Exercise aim
Reproduce the data exactly and drop any pictures it holds.

Collected material
======

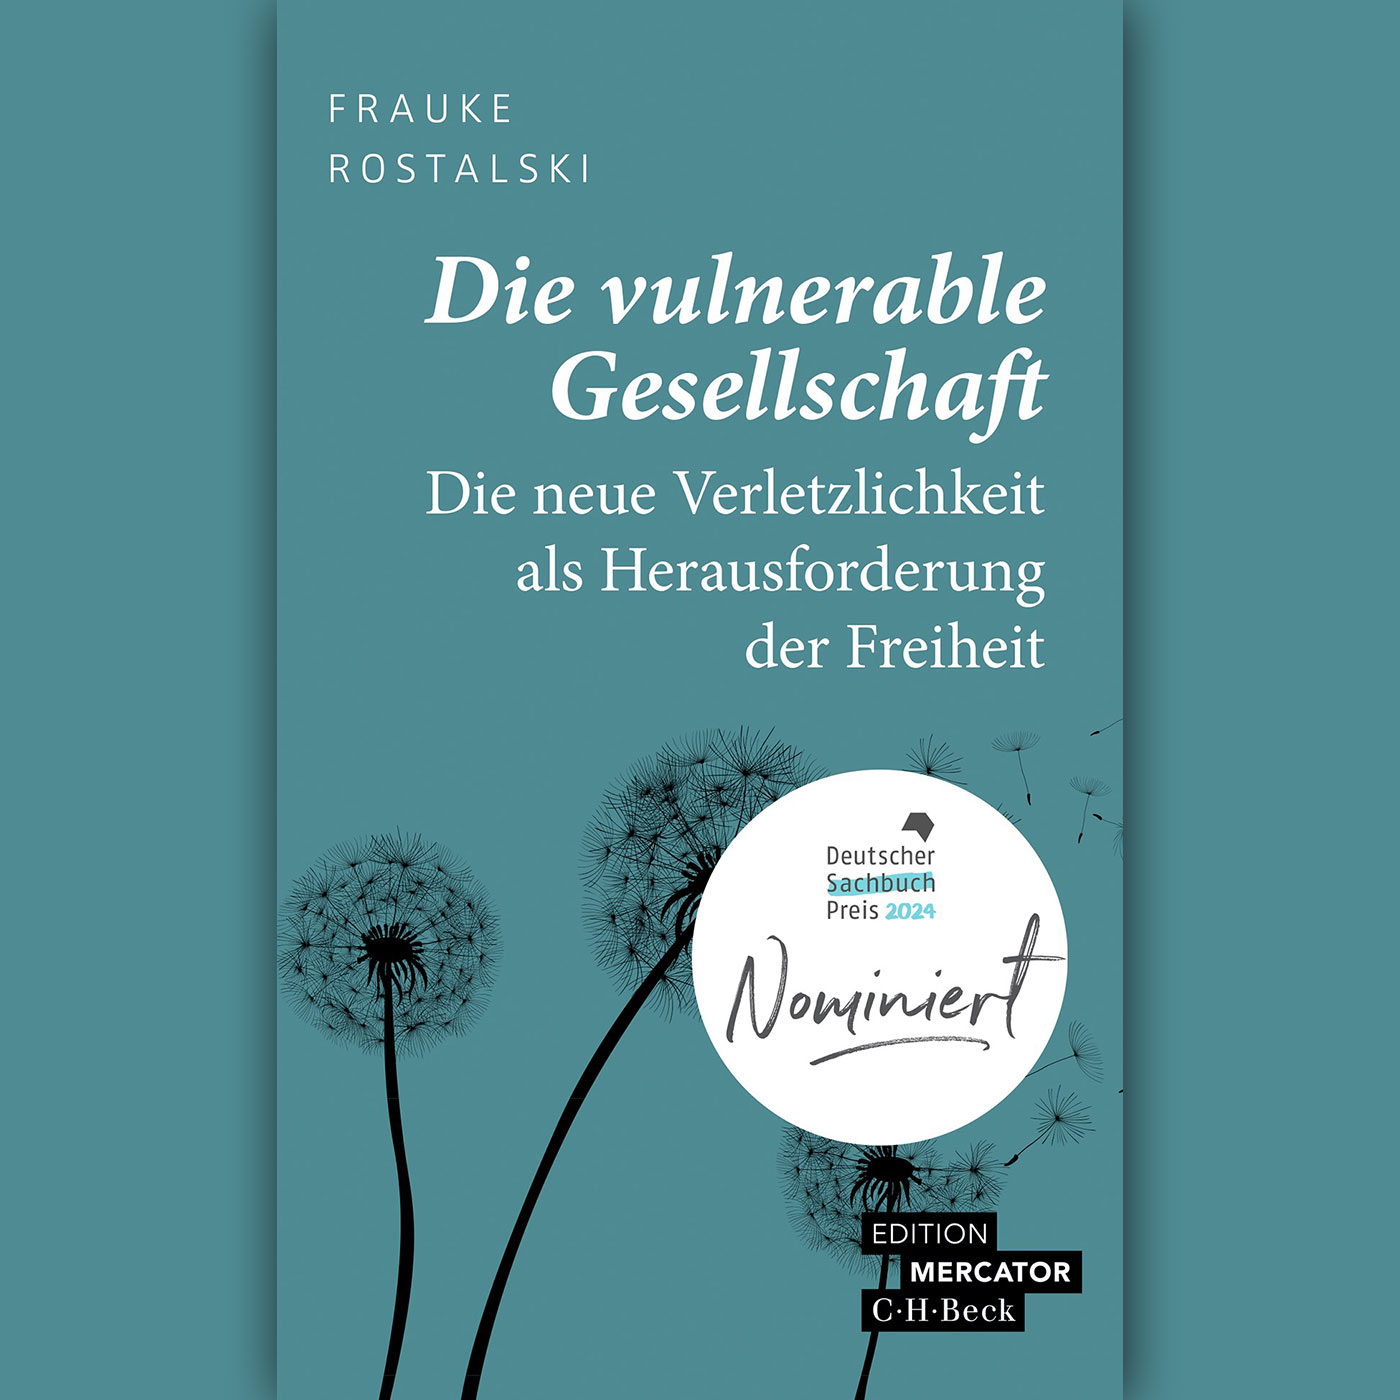 Frauke Rostalski: "Die vulnerable Gesellschaft"
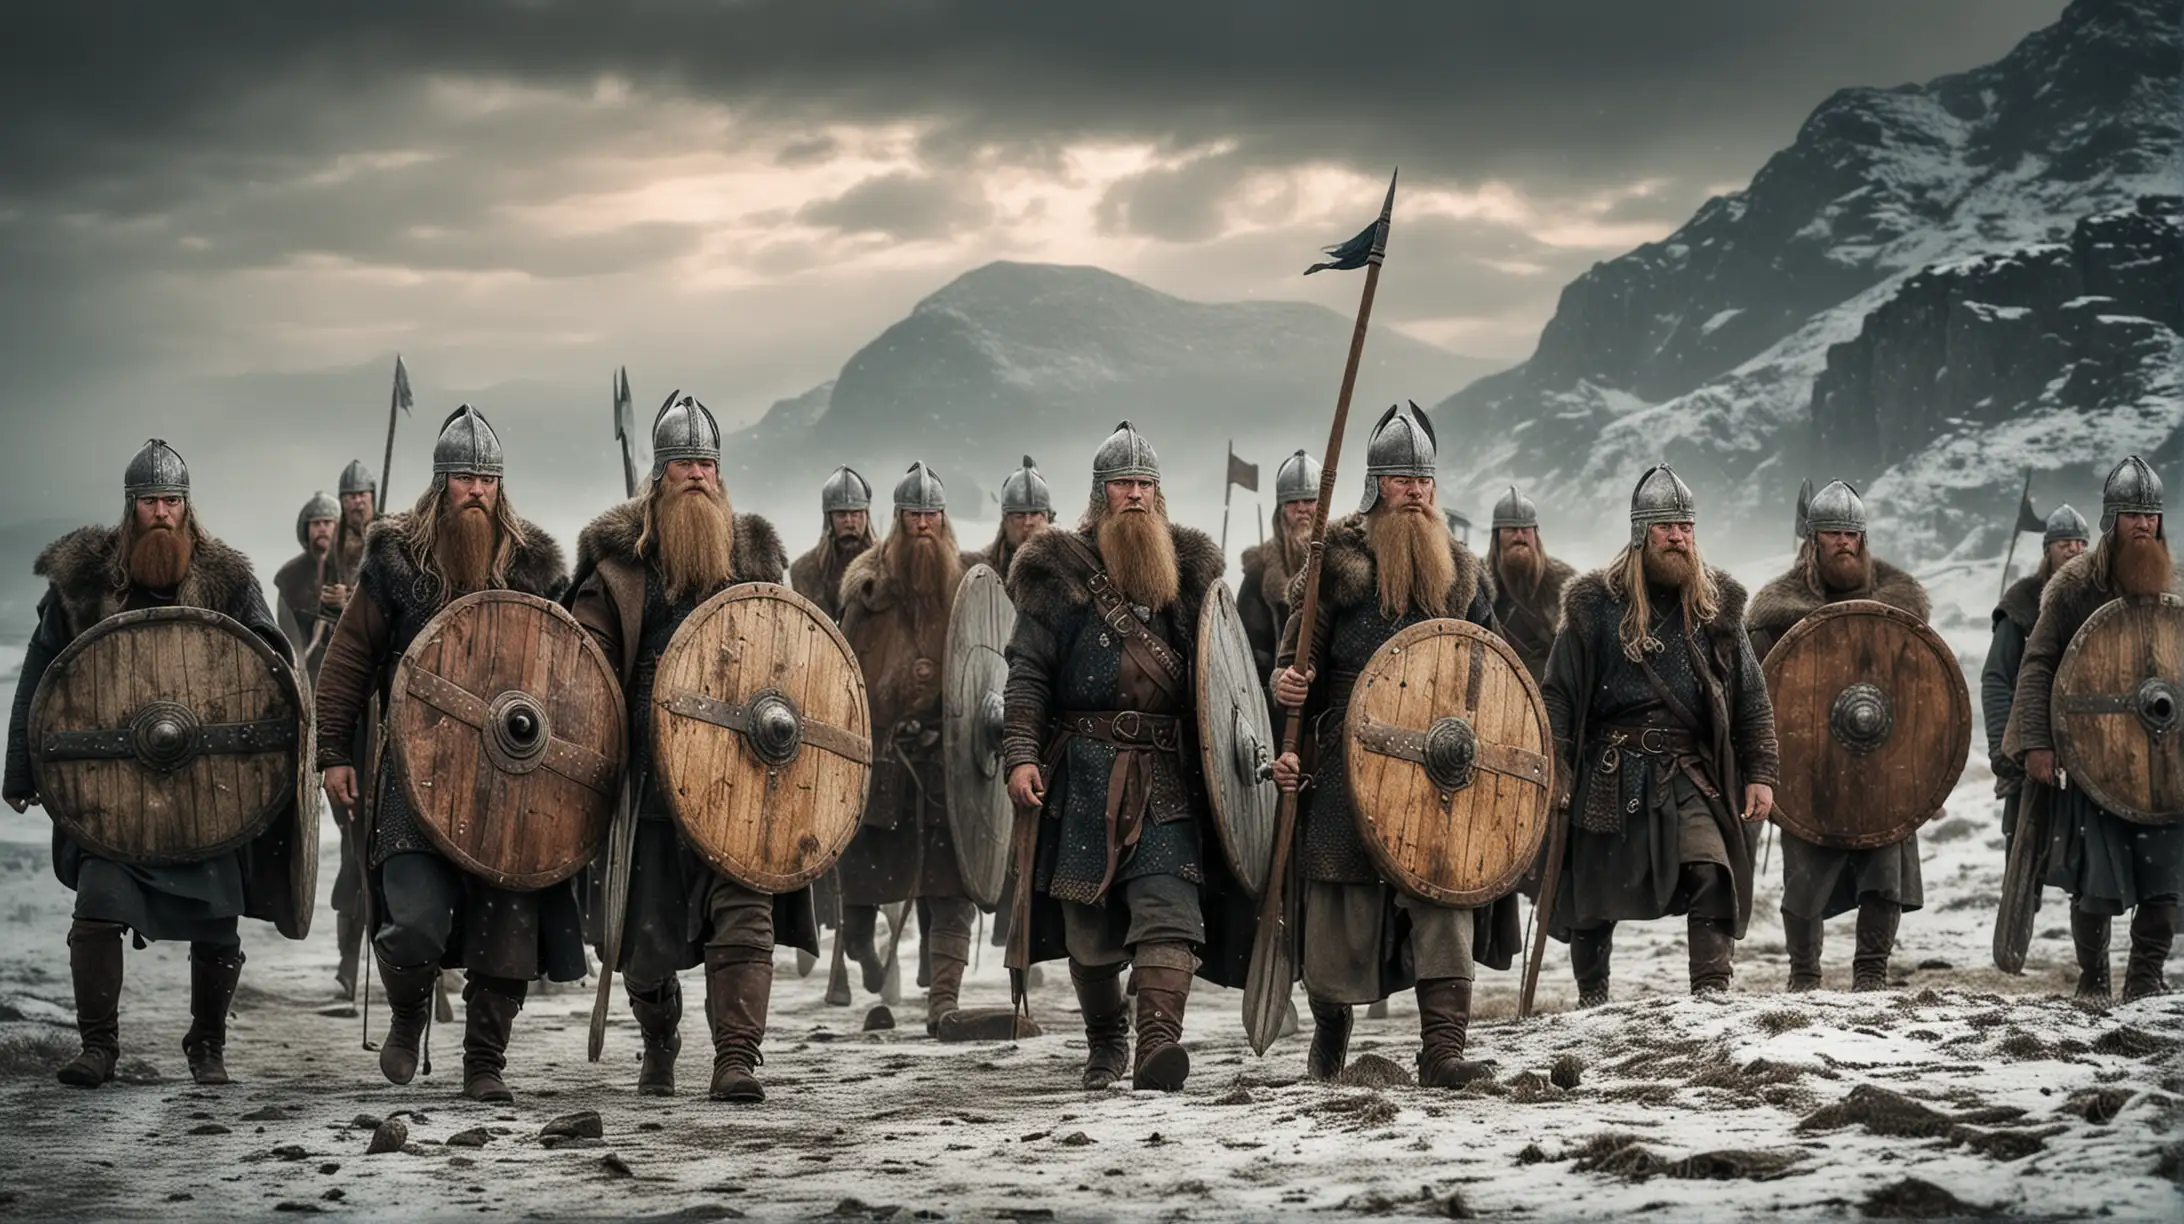 Mystical Scenes Ancient Vikings Exploring the Fjords
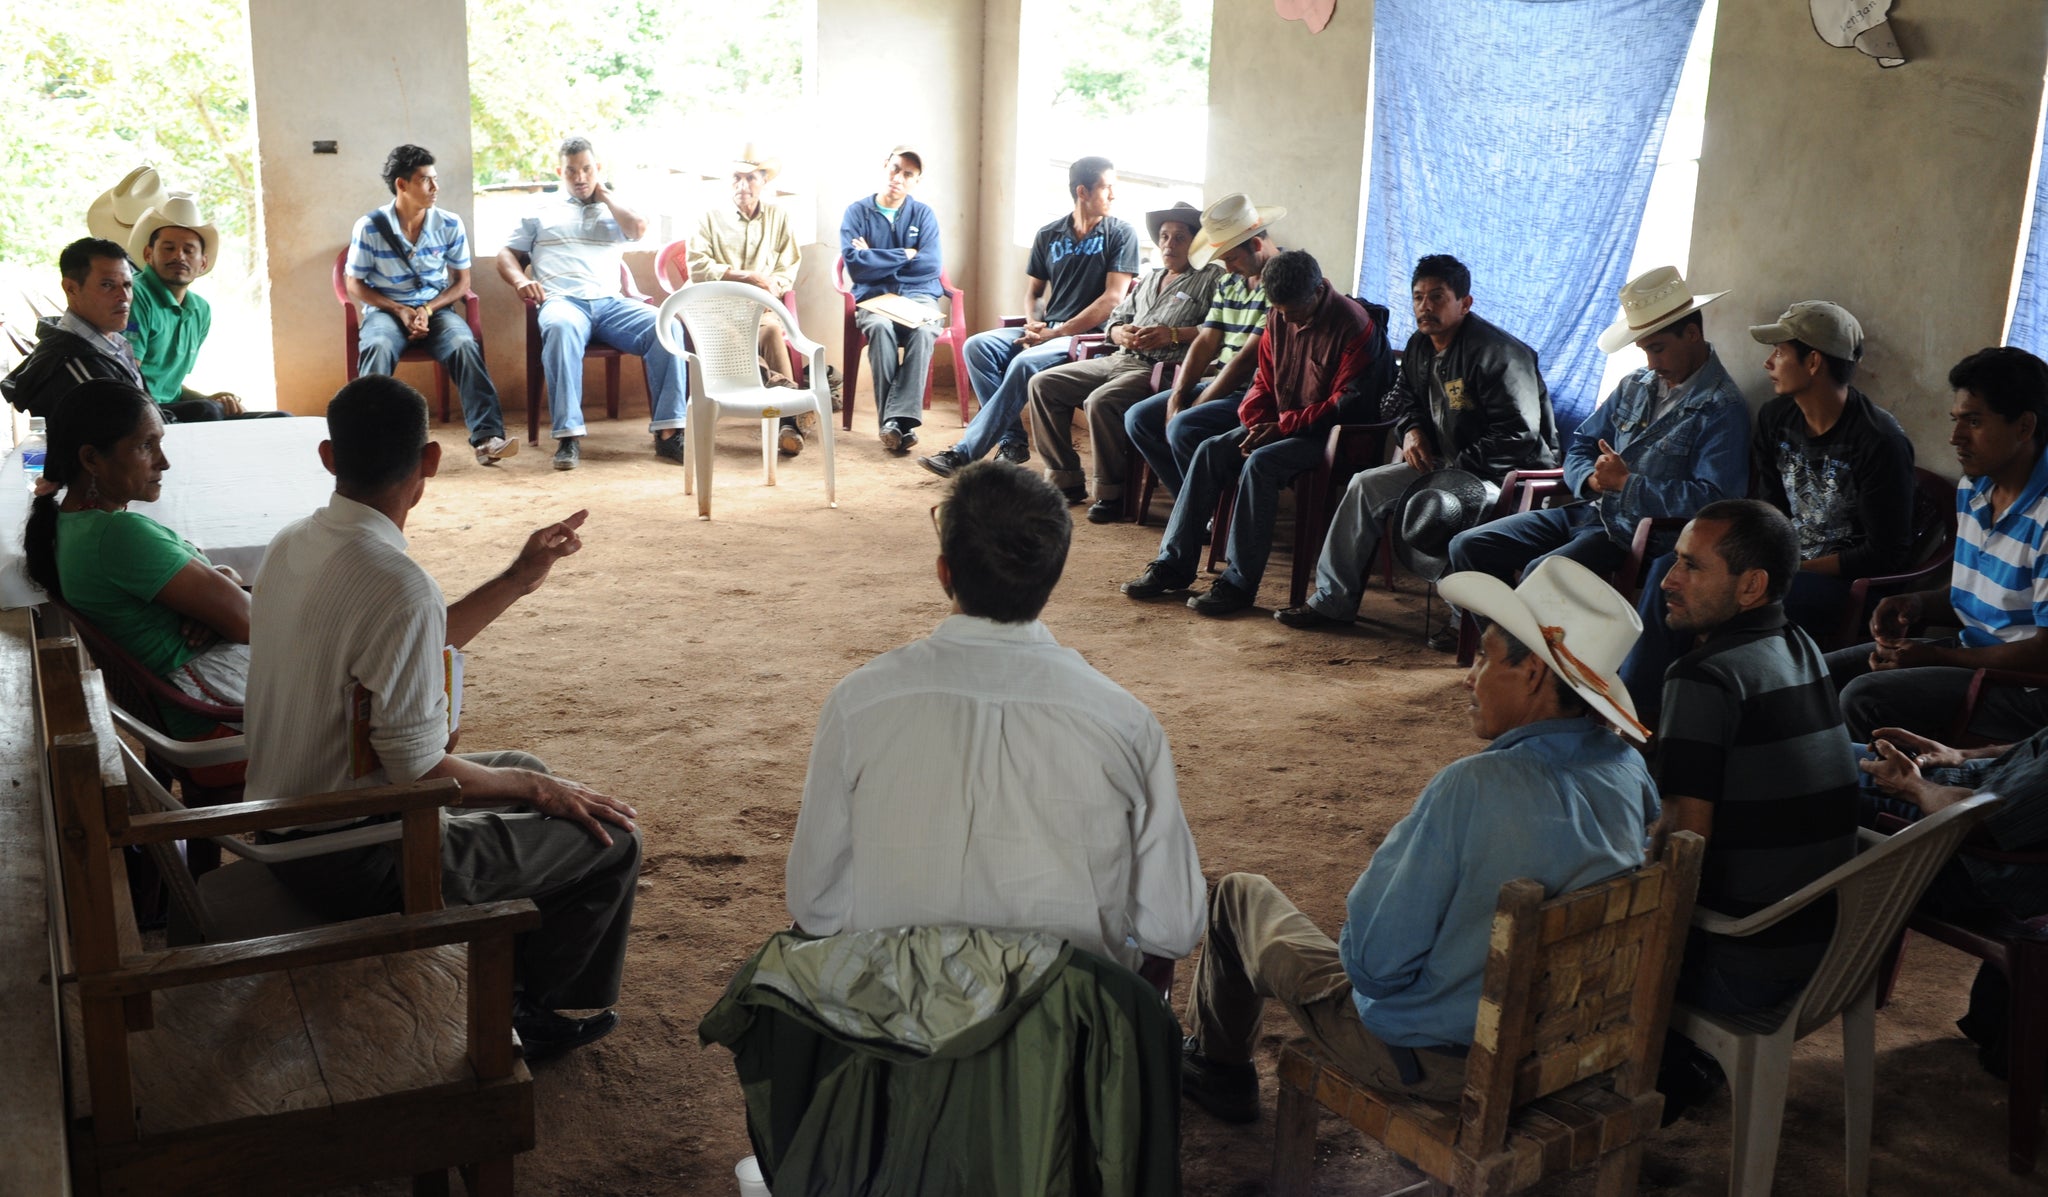 A Microloan meeting in La Union, Honduras with Aldea Development

======

Answer to this exercise
 Frauke Rostalski: "Die vulnerable Gesellschaft"
 Mystical Scenes Ancient Vikings Exploring the Fjords
 A Microloan meeting in La Union, Honduras with Aldea Development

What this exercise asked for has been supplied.